MEF BDA 503

Essentials of Data Analysis

Berk Orbay

MEF University

Introduction

What is this course about?

This course has a very simple objective: To teach you the ropes of exploratory data analysis pipeline.

Mainly the stages of the pipeline are

Importing raw data
Preprocessing data to prepare for analysis
Exploring and analyzing data to find valuable information
Communicating findings with verbal reporting, visualization and interactive tools
Making everything reproducible

Check similar courses from this link.

What are some examples of exploratory data analysis?

These examples are from assignments and projects of previous years’ students.

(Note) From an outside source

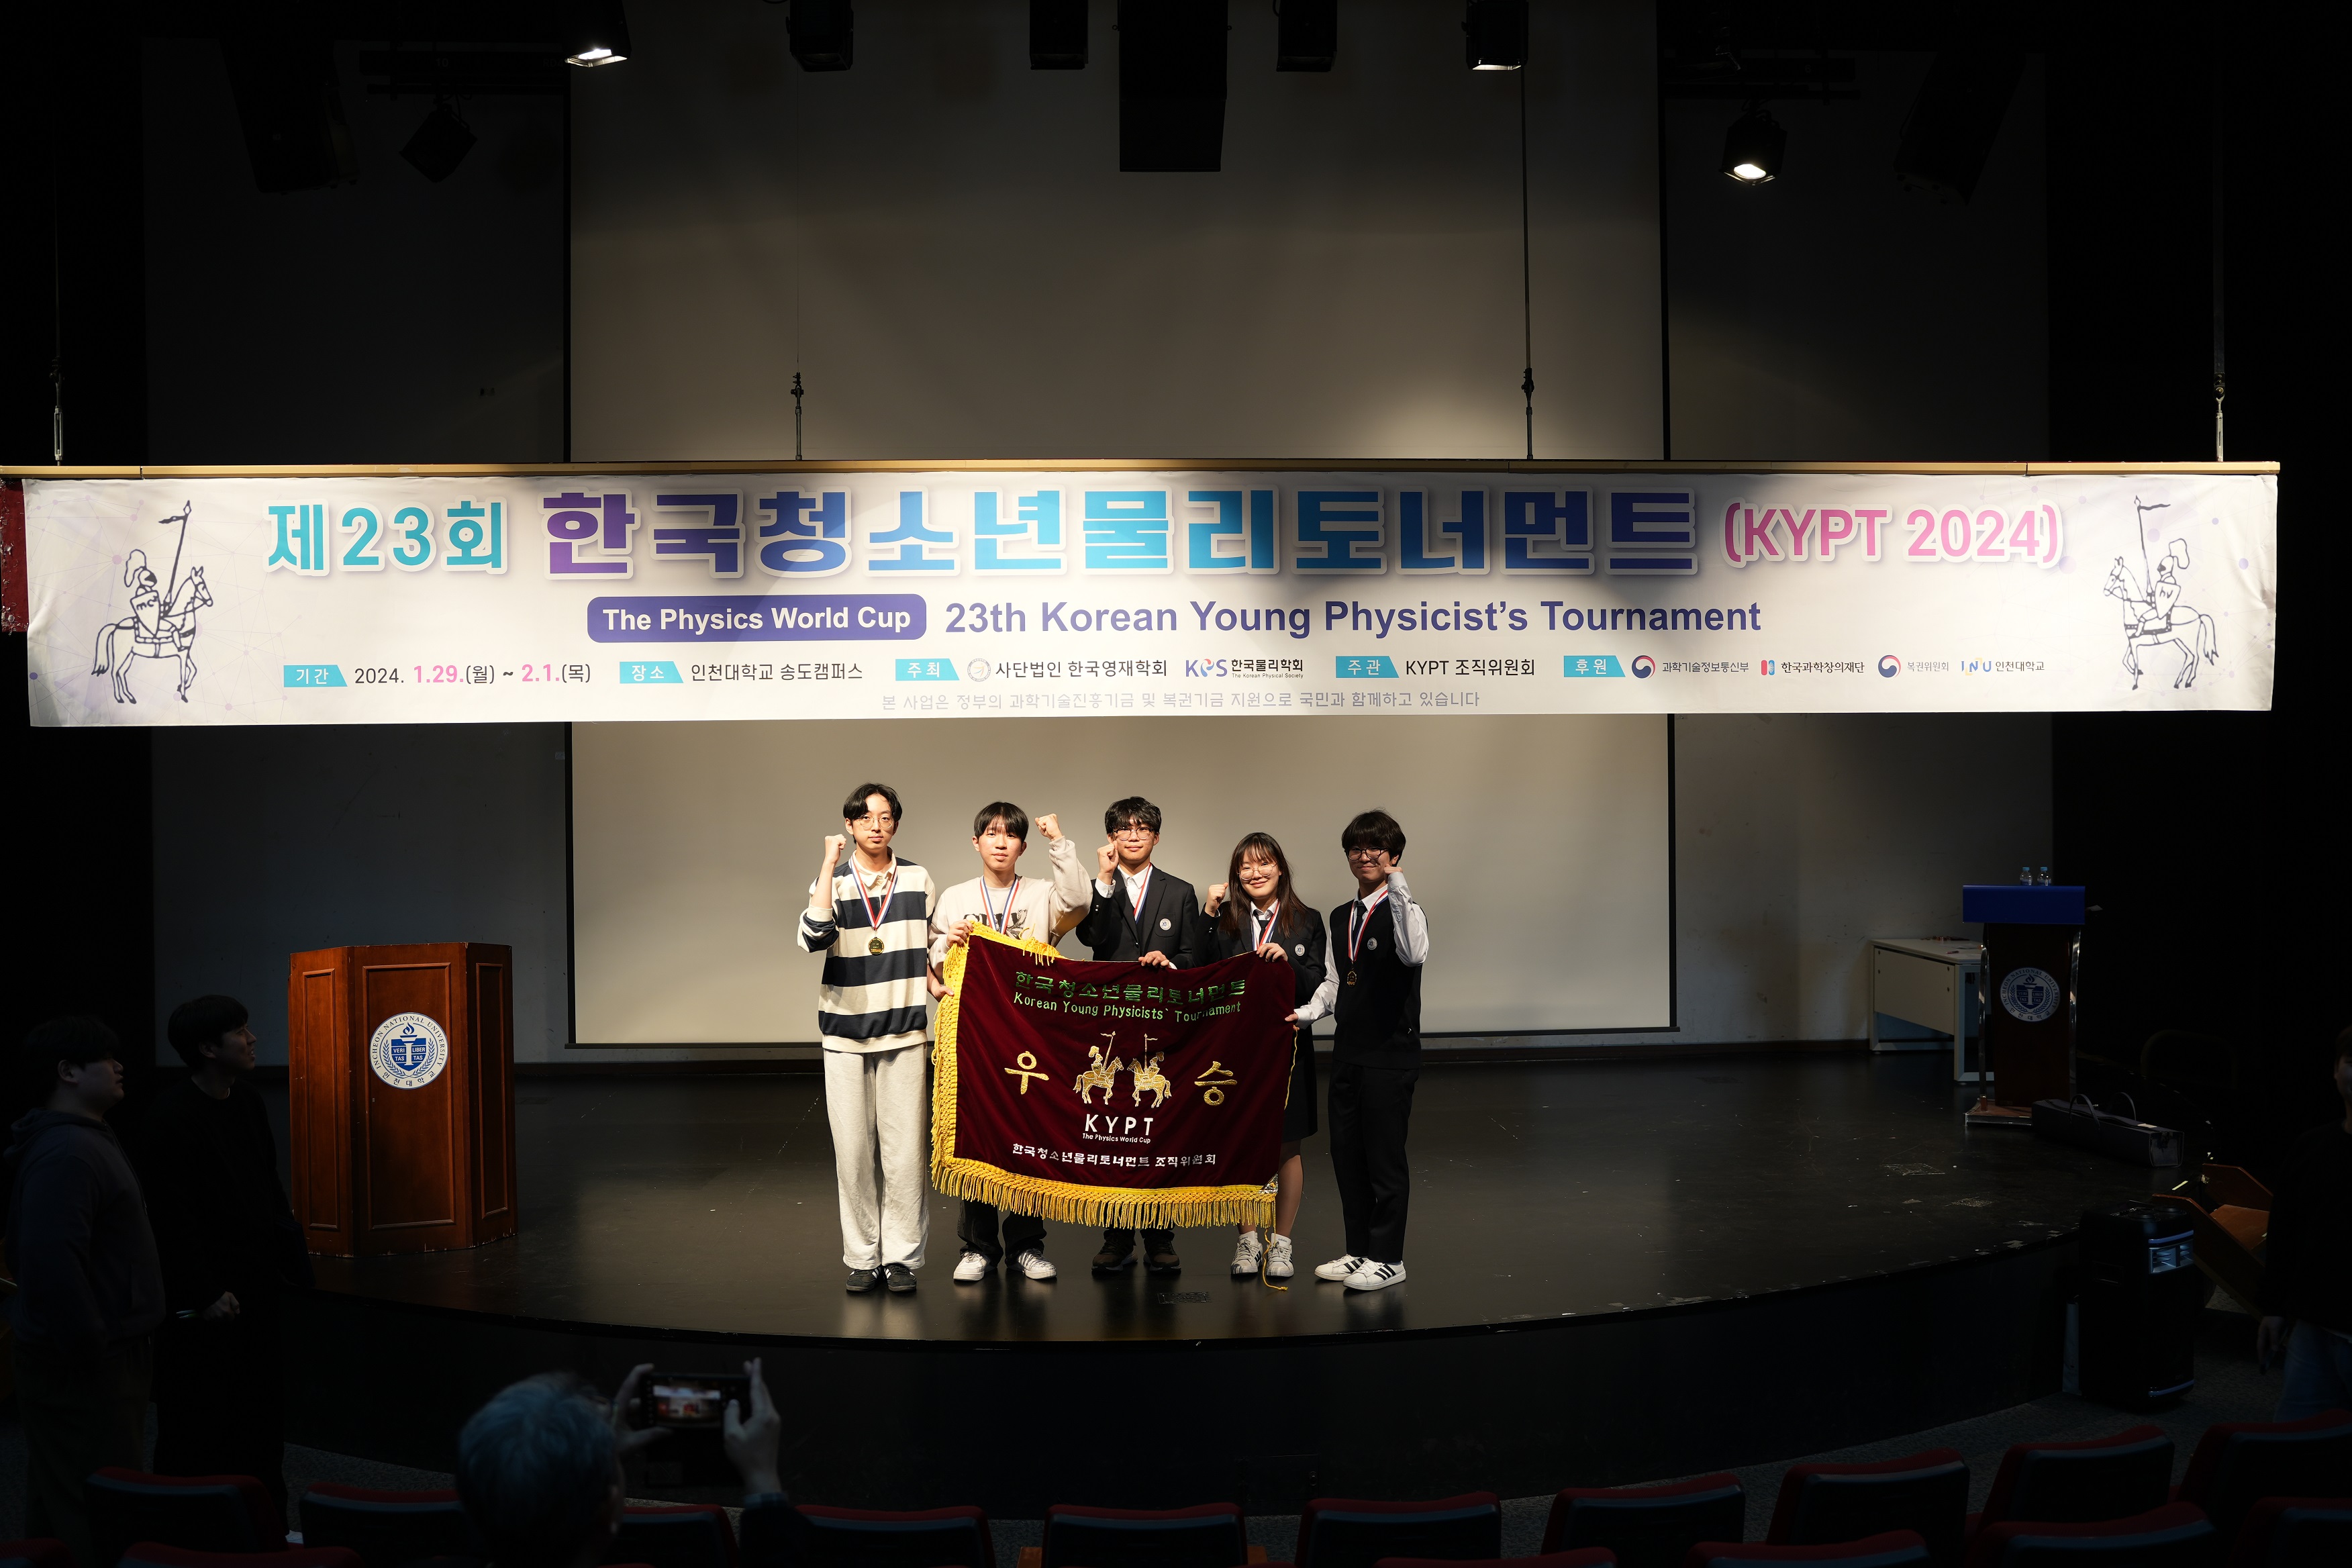 KYPT 우승팀인 한국과학영재학교 BaekYang팀이 우승기를 펼쳐 보이고 있다.

Automotive sales data: Total sales per brand per year, domestic auto shares per brand, top sellers of 2019, Mercedes vs Volkswagen
Credit card spending analysis: Credit Card and Debit Card Transaction Amount, Credit Card Transaction Amount by Sector, Credit Card and Debit Card Transaction Amount for Market
BIST 30 stock analysis
Turkish Super League analysis
Global Terrorism Database analysis

You can find more examples in this post. For some short analyses you can check out #tidytuesday hashtag in Twitter and Github Repo (see this bonus also).

What is reproducibility?

In simple terms, the ability to reproduce result and analysis without much effort.

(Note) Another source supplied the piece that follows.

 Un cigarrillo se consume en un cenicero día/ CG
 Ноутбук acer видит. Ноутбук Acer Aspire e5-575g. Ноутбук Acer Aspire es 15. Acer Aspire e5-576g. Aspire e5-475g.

A fully reproducible analysis should include raw data and clear methodology (also, if possible, code) behind the analysis.

There are consequences if a study is not reproducible. Read more about reproducibility crisis here.

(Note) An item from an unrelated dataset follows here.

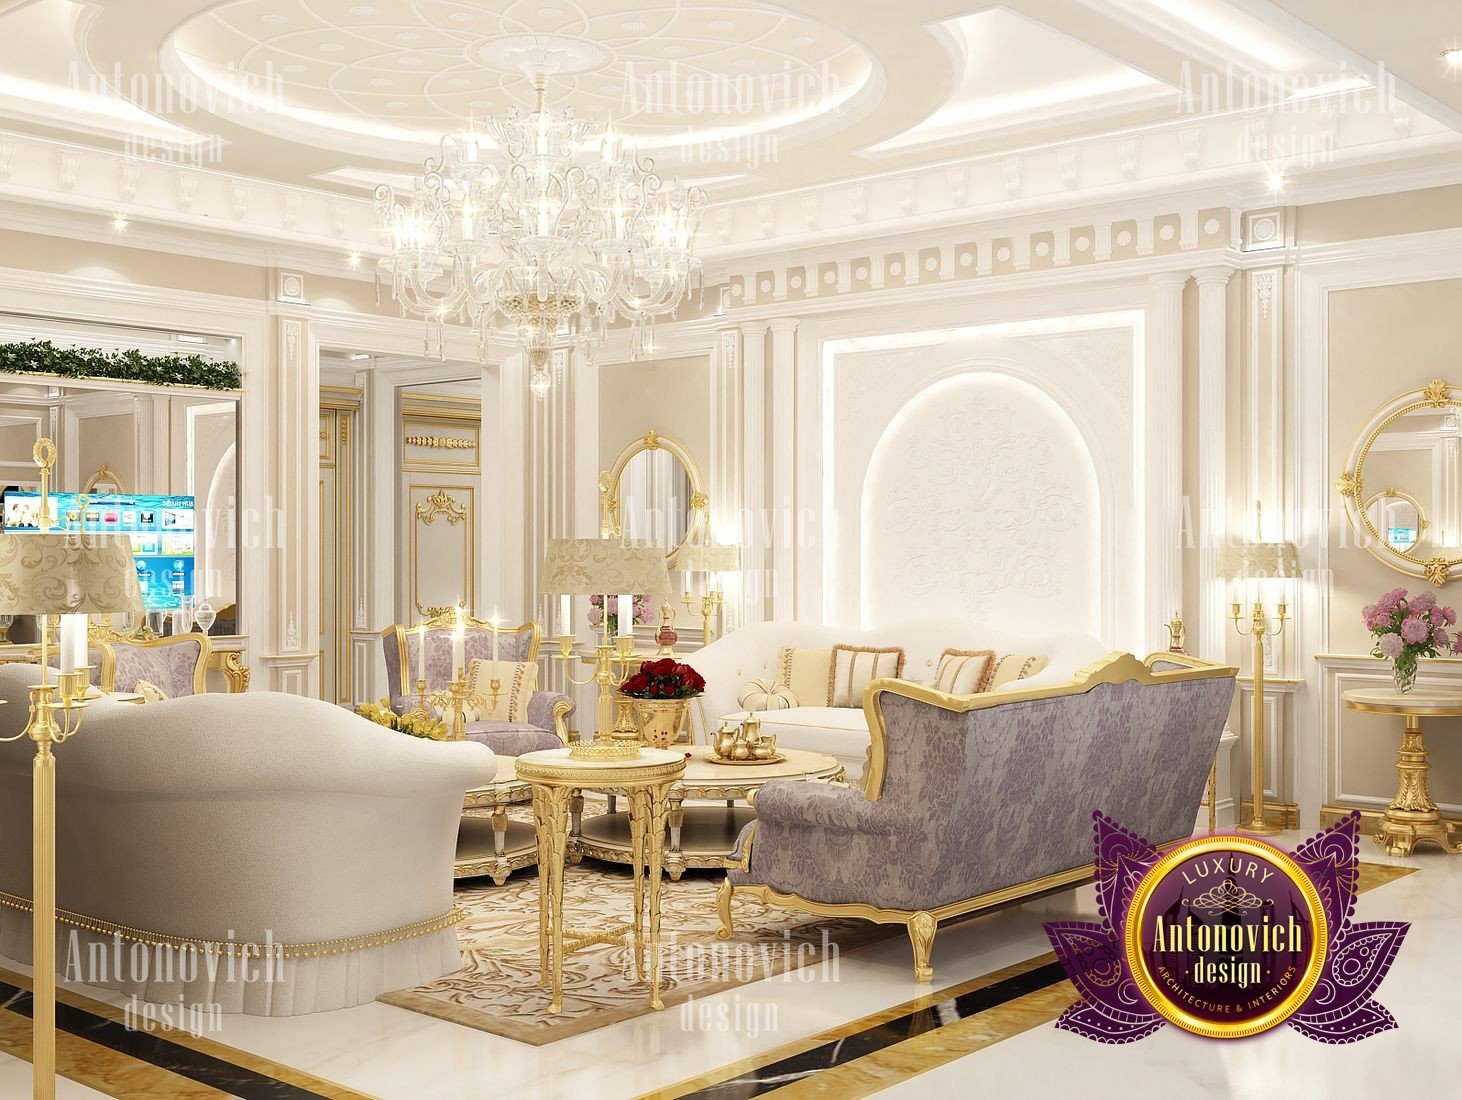 Modern Classic Villa Interior Design by Luxury Antonovich Design

See a webinar here about how to create reproducible reports with R Markdown. We will learn basics of R Markdown as soon as possible and do similar stuff.

Additionally, if you can generalize your templates, you can reproduce the study for different data sets in the same topic. It can be financial reports for companies, weather reports for cities etc. See an example here about elections (in Turkish) where each city and county’s reports are generated using a single template.

Setup

Which tools are we going to use? (Programs)

Download checklist is below. Everything is completely free.

R Programming Language to code (we will also install packages)
RStudio Desktop as IDE
pandoc for document conversion
LaTeX for PDF documents (we will not cover LaTeX notation)
- Alternatively you can use tiny tex
Github Desktop for codebase updates (you can use alternatives)
- You will need a Github account
Slack for live communication (you can also use the web client)

Optional and advanced

Docker for containerization (if time permits)

Which tools are we going to use? (Packages)

Packages are code collections which can be needed for general purpose or specific needs. You can also think of them as modules.

R has many useful packages. Our course depends on several main packages and package collections.

tidyverse is a very useful package collection
- dplyr for data manipulation
- ggplot2 for data visualization
RMarkdown for document creation
- We will also use xaringan package for presentations.
- Alternatively you can use Quarto for both document creation and presentations. (Both your course page and this presentation are created with Quarto)
shiny for interactive analysis

Plus we will be using many other packages either as dependency (e.g. tibble) or as supporting packages (e.g. lubridate) during the course.

Packages 101 - A short introduction

We install packages to make them available for our use with install.packages command. You are effectively downloading the package. Remember, you need to install only once!

Once installed, we can make use of (load) packages with library command (You can also use require). Then we can use everything inside that package.

Advanced: There is an alternative way to use functions in packages. Once installed, you can directly refer to them using ::.

p.s: You can learn more about packages from this tutorial.

Datacamp and Supplementary Online Learning

We are going to make use of Datacamp courses throughout the semester.

Datacamp for Education provides free access to Datacamp resources for 6 months. You are going to get your invitations. Datacamp usually charges monthly fees but you do not need to pay anything since you are a student of this course.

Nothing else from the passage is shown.